▸ **PROVIDED DATA**
+--

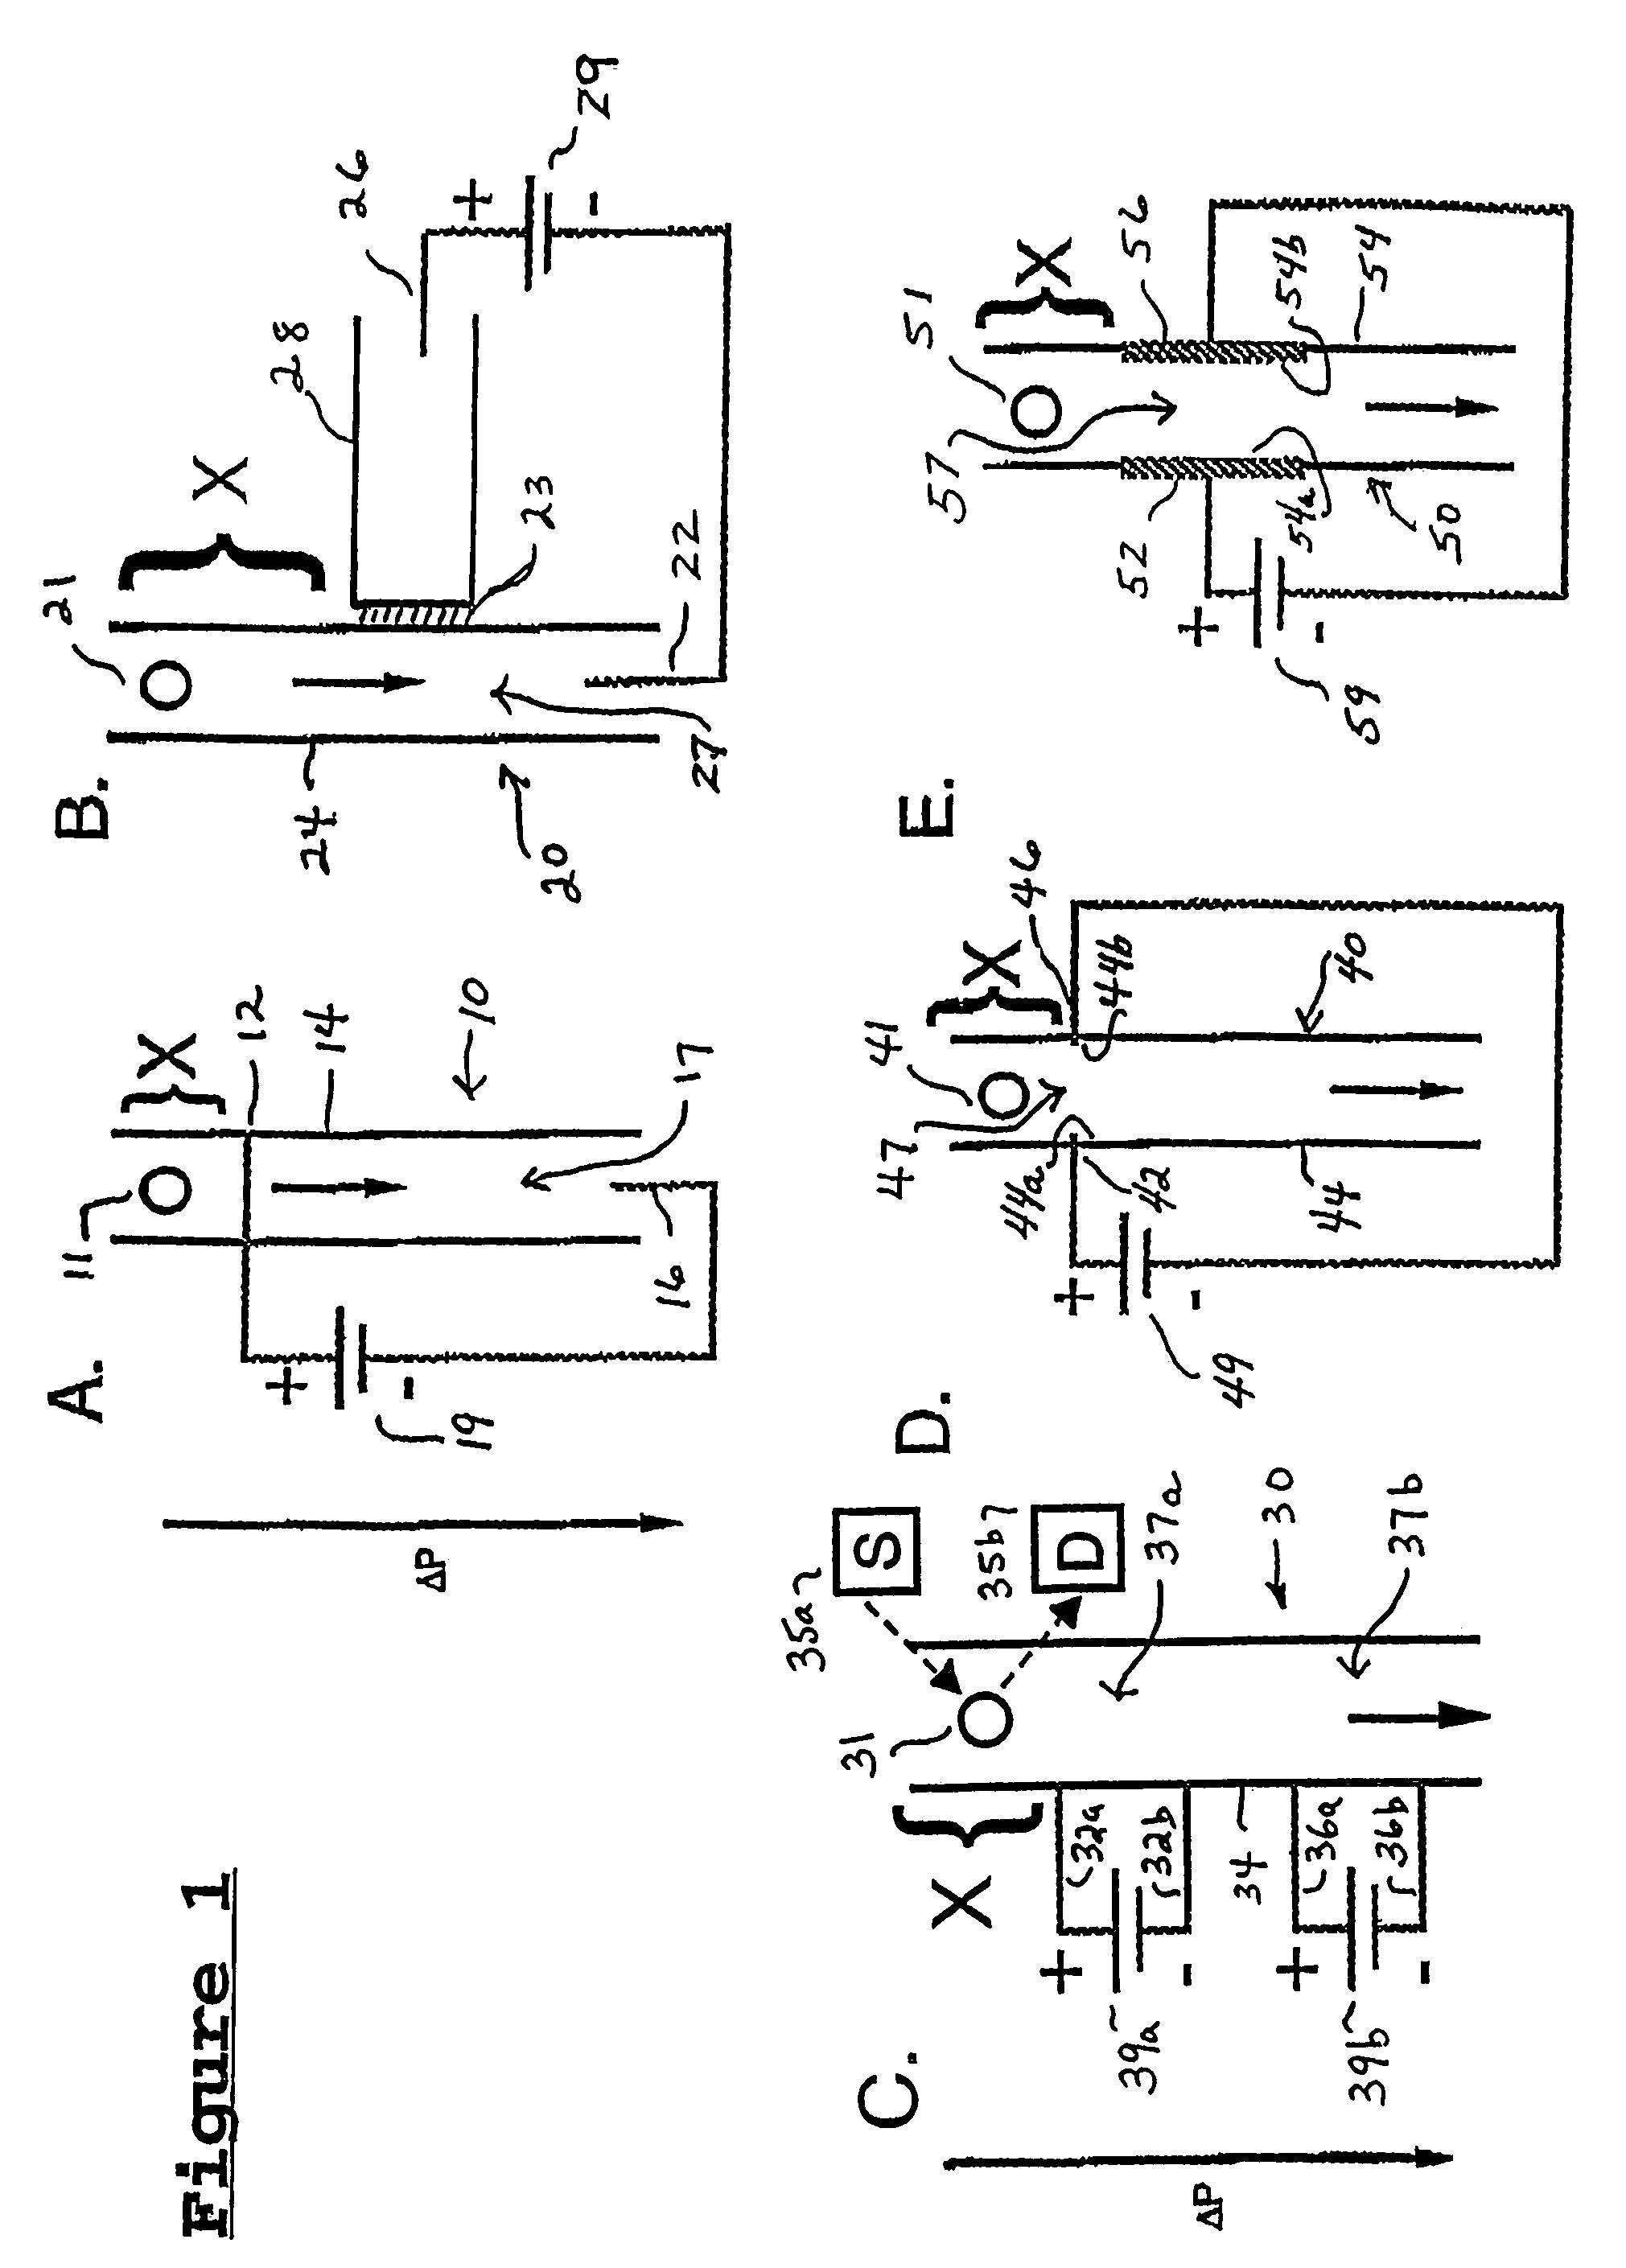 Microfluidic systems and methods for transport and lysis of cells and analysis of cell lysate
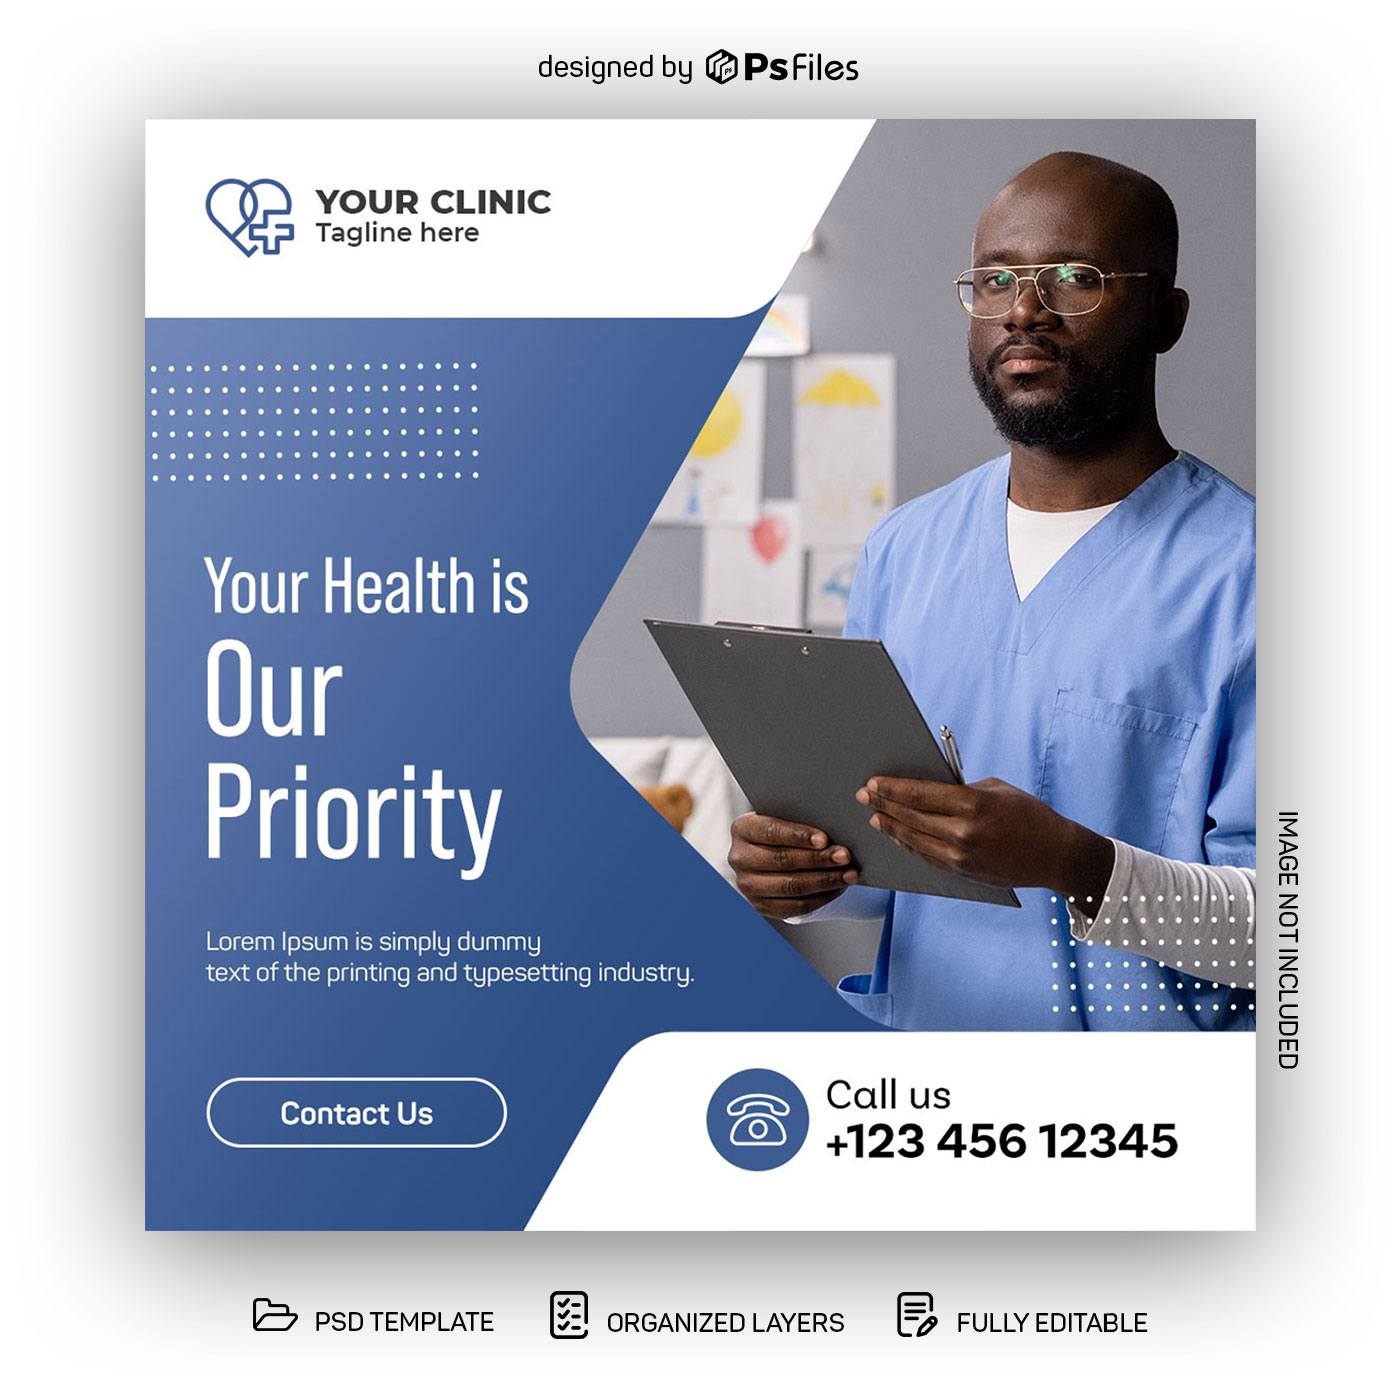 PsFiles Free Instagram Post Design PSD Template for Health Care
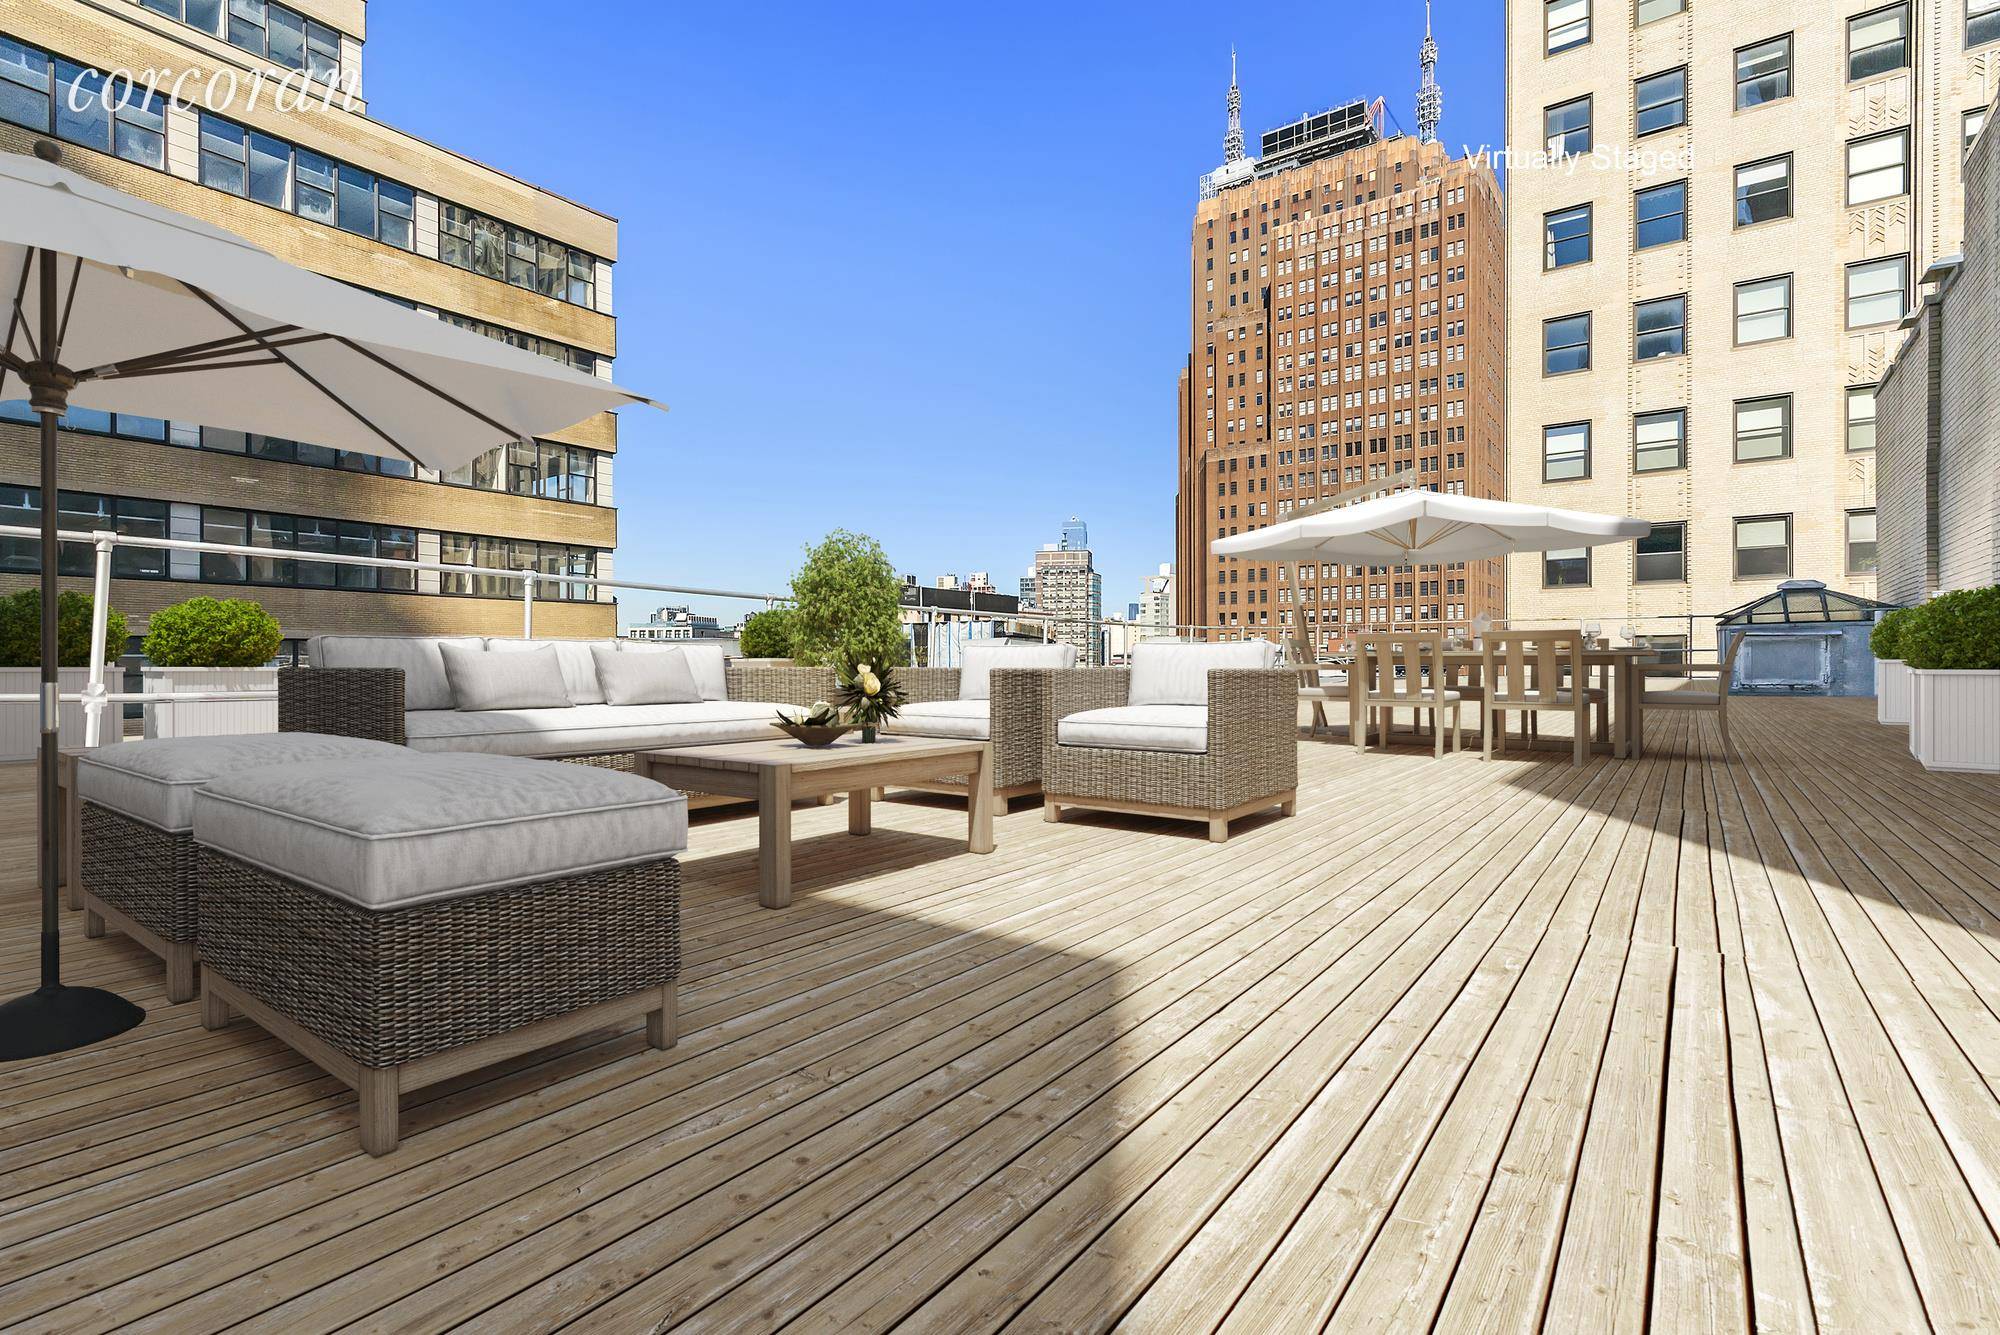 100 of entire Roof Rights offers a Rare opportunity on Franklin Street in Prime TriBeCa.

+--

▸ **REQUIREMENT**
Write out the whole listing exactly, with no pictures.

▸ **EXERCISE RESPONSE**
 Microfluidic systems and methods for transport and lysis of cells and analysis of cell lysate
 PsFiles Free Instagram Post Design PSD Template for Health Care
 100 of entire Roof Rights offers a Rare opportunity on Franklin Street in Prime TriBeCa.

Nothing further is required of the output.